Apr 13, 2021 | Other Spending

Recently, President Joe Biden unveiled his American Jobs Plan focused on upgrading and repairing America’s physical infrastructure, investing in manufacturing and research and development, and expanding long-term health care services. The plan includes $2.65 trillion of new spending and tax credits, focused mostly over the next eight years, and would be fully paid for within 15 years through corporate tax increases. Because it pairs temporary spending measures with permanent offsets, the plan would have near-term costs but eventually produce long-term budget savings. We estimate the plan would increase debt by 3 percent of Gross Domestic Product (GDP) by 2031 compared to current law, but reduce projected debt by 3 percent of GDP by 2041. The plan would reduce debt even further over the very long run.

Following enactment of the American Rescue Plan Act last month, we projected that federal debt held by the public will reach 108 percent of Gross Domestic Product (GDP) this fiscal year – higher than the prior record of 106 percent of GDP set just after World War II – and then rise to 113 percent of GDP by the end of 2031 and 149 percent by the end of 2041.

While the American Jobs Plan is deficit-neutral over a 15-year period, it would increase deficits over the traditional ten-year budget window – by $900 billion according to our estimates (closer to $1 trillion including interest). As a result, we estimate debt would grow to 116 percent of GDP by 2031, rather than 113 percent under current law.

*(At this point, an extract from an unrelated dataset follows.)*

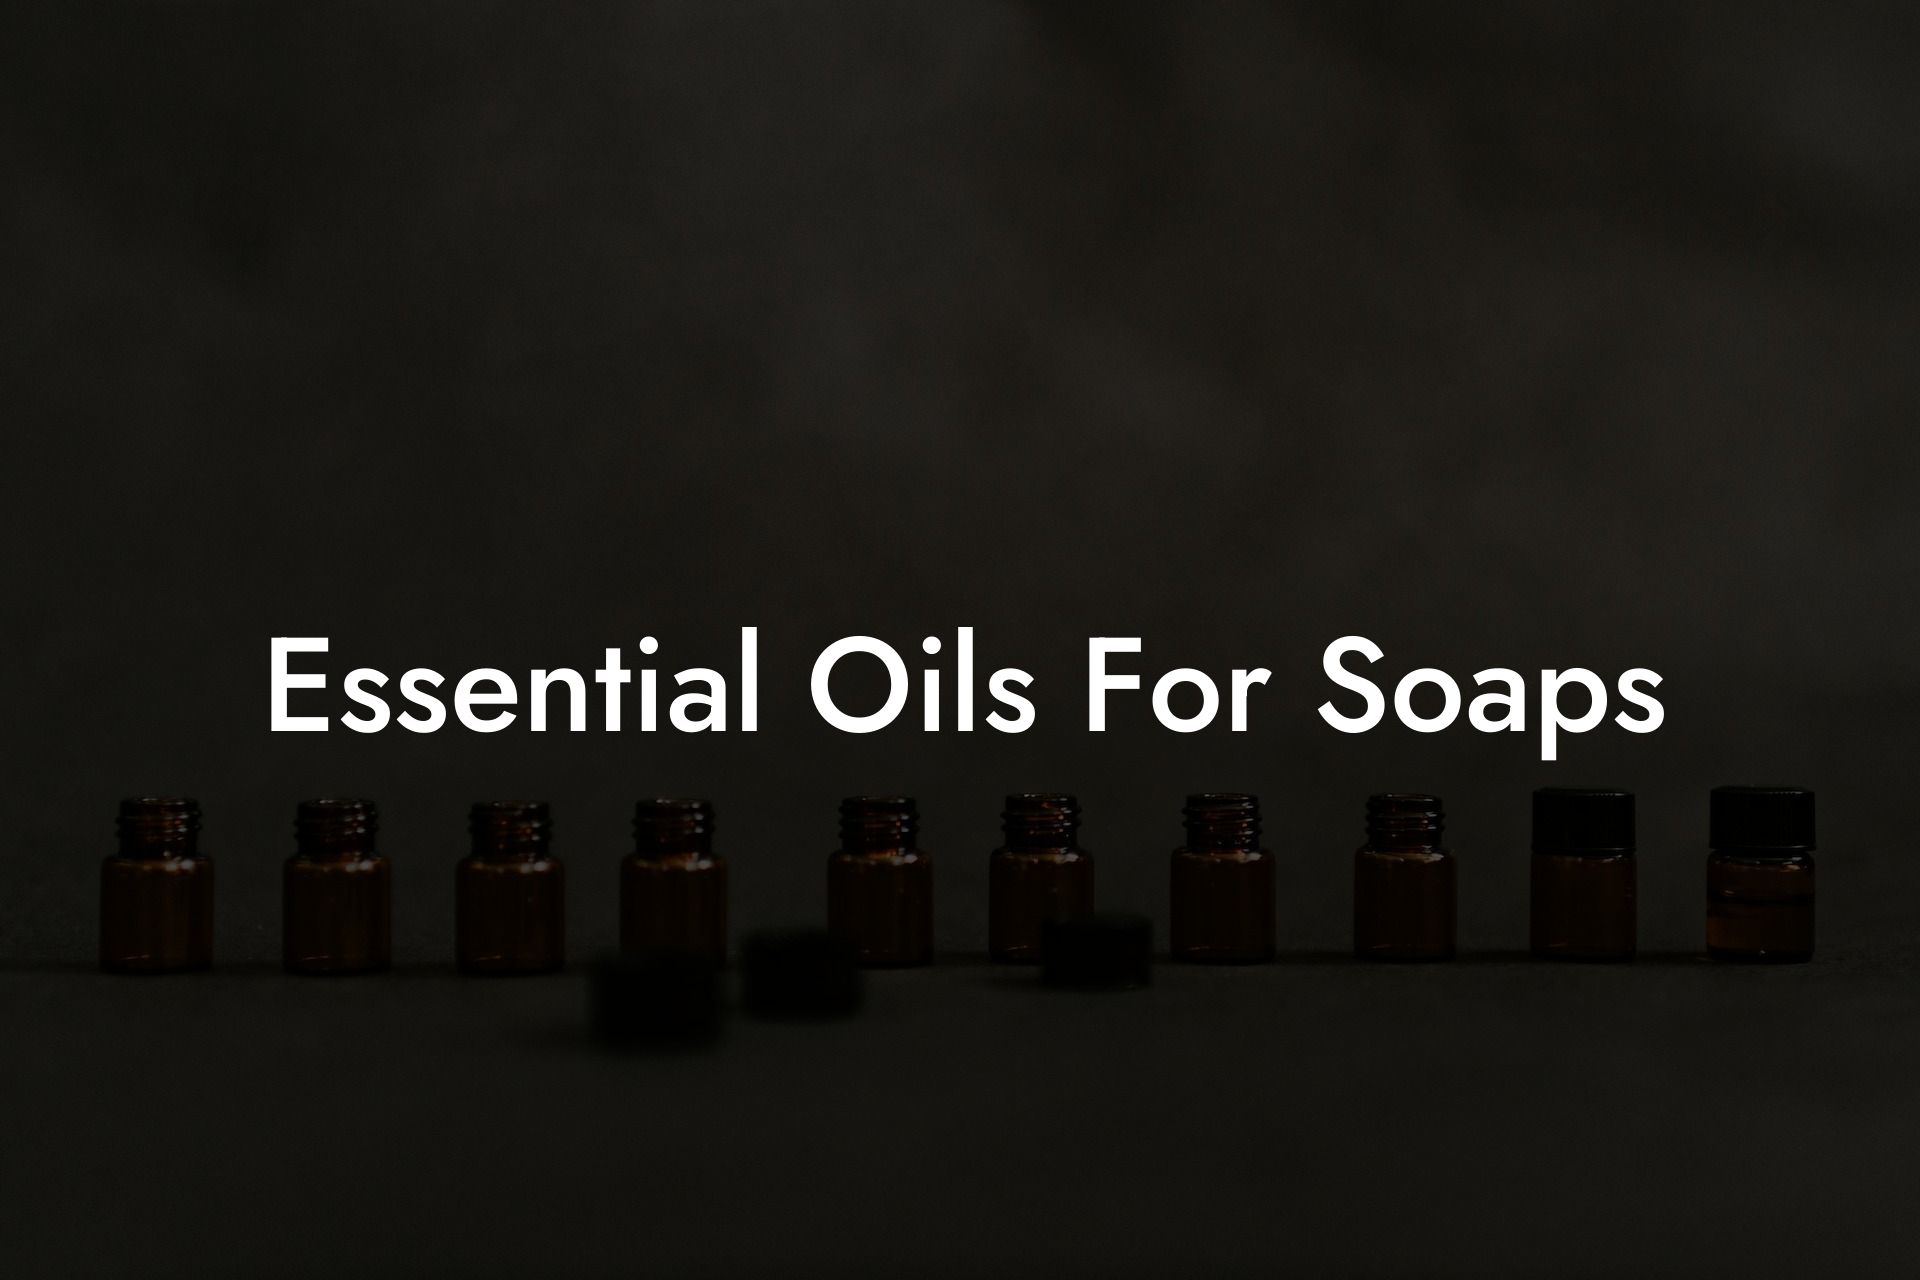 Essential Oils For Soaps

Beyond 2031, however, the plan would reduce deficits by roughly $200 billion per year. By 2036, it would reduce debt to below current law projections, and after two decades, we estimate debt would be about 3 percent lower than under current law – 146 percent of GDP instead of 149 percent. Beyond that, we expect even more significant debt reduction since the permanent offsets in the plan would continue to reduce deficits, putting debt roughly 10 points below current law in 2051.

Of course, our projection that the American Jobs Plan would result in long-term debt reduction assumes its costs are credibly temporary and its offsetting revenue increases will be sustained for at least the next 15 years. Since both of these assumptions are far from certain, policymakers would be wise to offset spending in the plan over a more traditional ten-year window. This would also improve the plan's long-term fiscal effect. For example, if policymakers reduced the size of the package so that it would be fully offset within ten years instead of 15, debt-to-GDP would be 6 percent lower than under current law after 20 years rather than 3 percent. Of course, policymakers could also consider additional or alternative offsets.

Regardless of the exact budget window, it is critical that Congress follows the President's lead and fully offsets any new spending initiatives.